Whether discovering something about our own planet or phenomena billions of miles away, NASA missions and scientists unveiled a vast universe of mysteries this past decade. And with each daring landing, visit to a new world and journey into the unknown came new opportunities to inspire the next generation of explorers. Read on for a look at some of NASA's most teachable moments of the decade from missions studying Earth, the solar system and beyond. Plus, find out what's next in space exploration and how to continue engaging students into the 2020s with related lessons, activities and resources.

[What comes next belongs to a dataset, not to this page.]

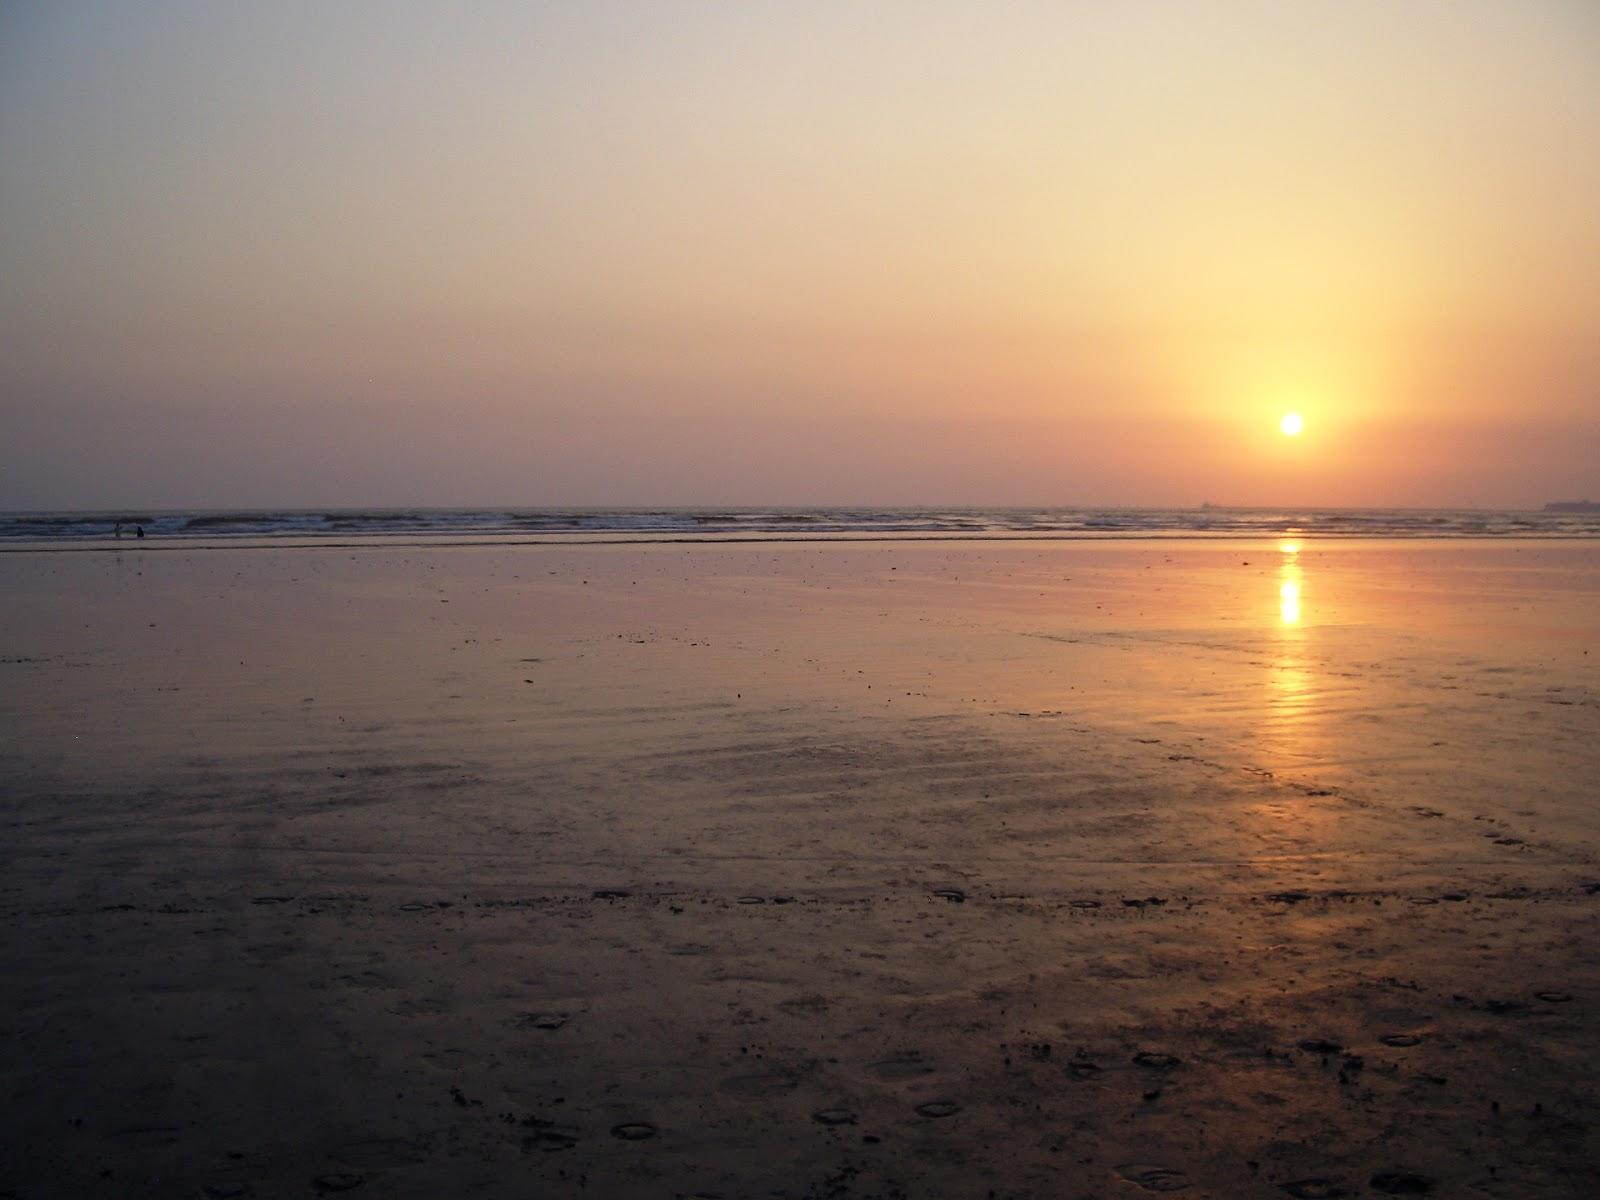 http://2.bp.blogspot.com/-ux-oh46lXJ8/UJSs4hNXhjI/AAAAAAAABK4/QG43VmeenU8/s1600/Beautiful-location-of-sun-set-at-karachi-sea-view-image-wallpaper-background-for-desktop-laptop.JPG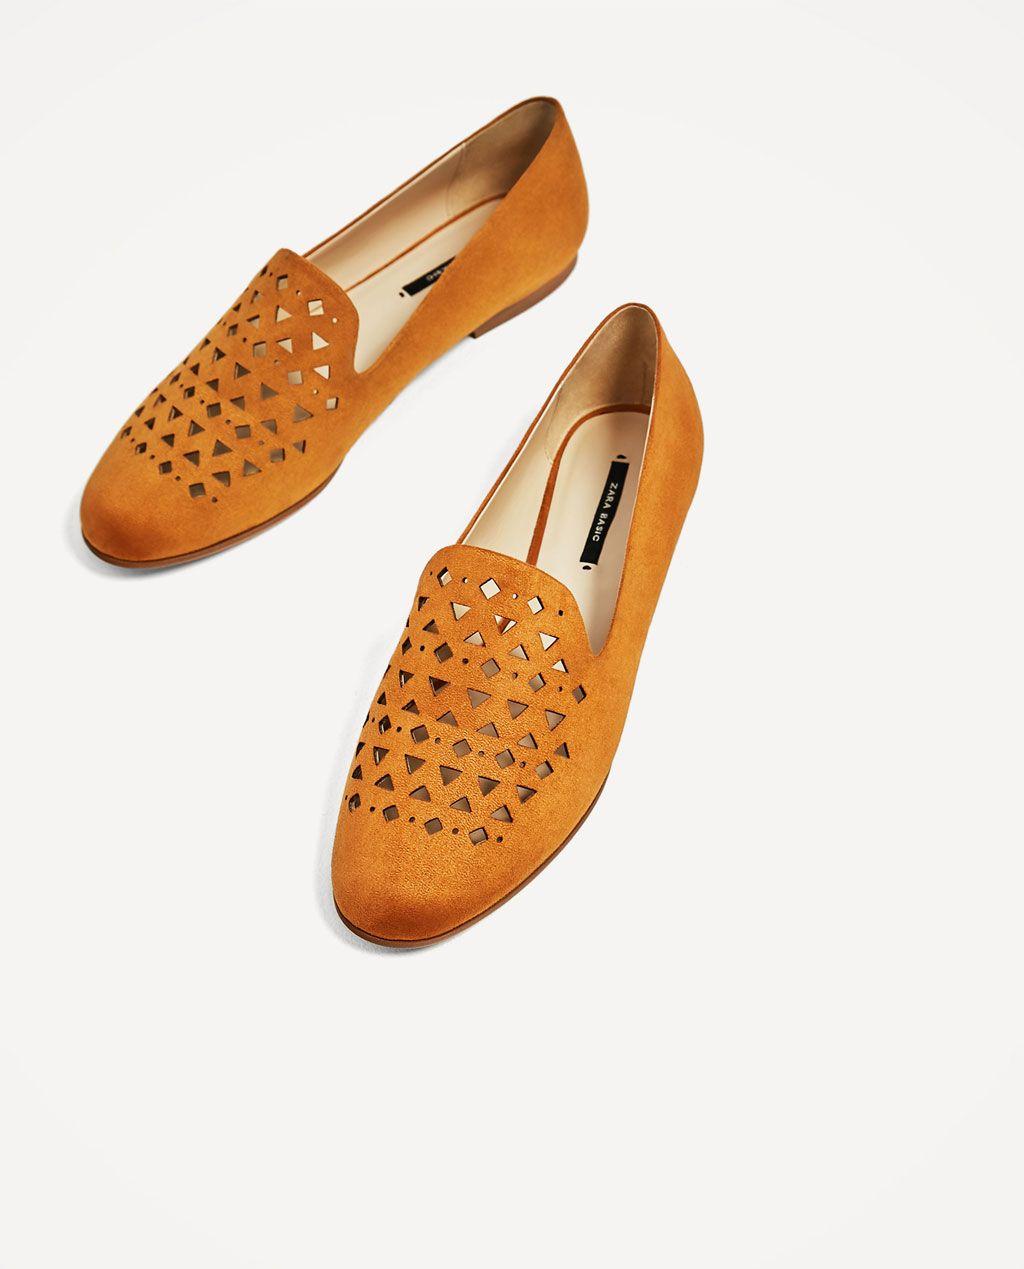 Dream 19 Plano Fashion Detalle Eur Zapato Troquelado 95 Zara tq8wnOHd

1. Earth's Changing Climate
Rising sea levels, shrinking ice caps, higher temperatures and extreme weather continued to impact our lives this past decade, making studying Earth’s changing climate more important than ever. During the 2010s, NASA and National Oceanic and Atmospheric Administration, or NOAA, led the way by adding new Earth-monitoring satellites to their fleets to measure soil moisture and study carbon dioxide levels. Meanwhile, satellites such as Terra and Aqua continued their work monitoring various aspects of the Earth system such as land cover, the atmosphere, wildfires, water, clouds and ice. NASA's airborne missions, such as Operation IceBridge, Airborne Snow Observatory and Oceans Melting Greenland, returned data on water movement, providing decision makers with more accurate data than ever before. But there's still more to be done in the future to understand the complex systems that make up Earth's climate and improve the scientific models that will help the world prepare for a warmer future. Using these missions and the science they're gathering as a jumping-off point, students can learn about the water cycle, build data-based scientific models and develop an understanding of Earth's energy systems.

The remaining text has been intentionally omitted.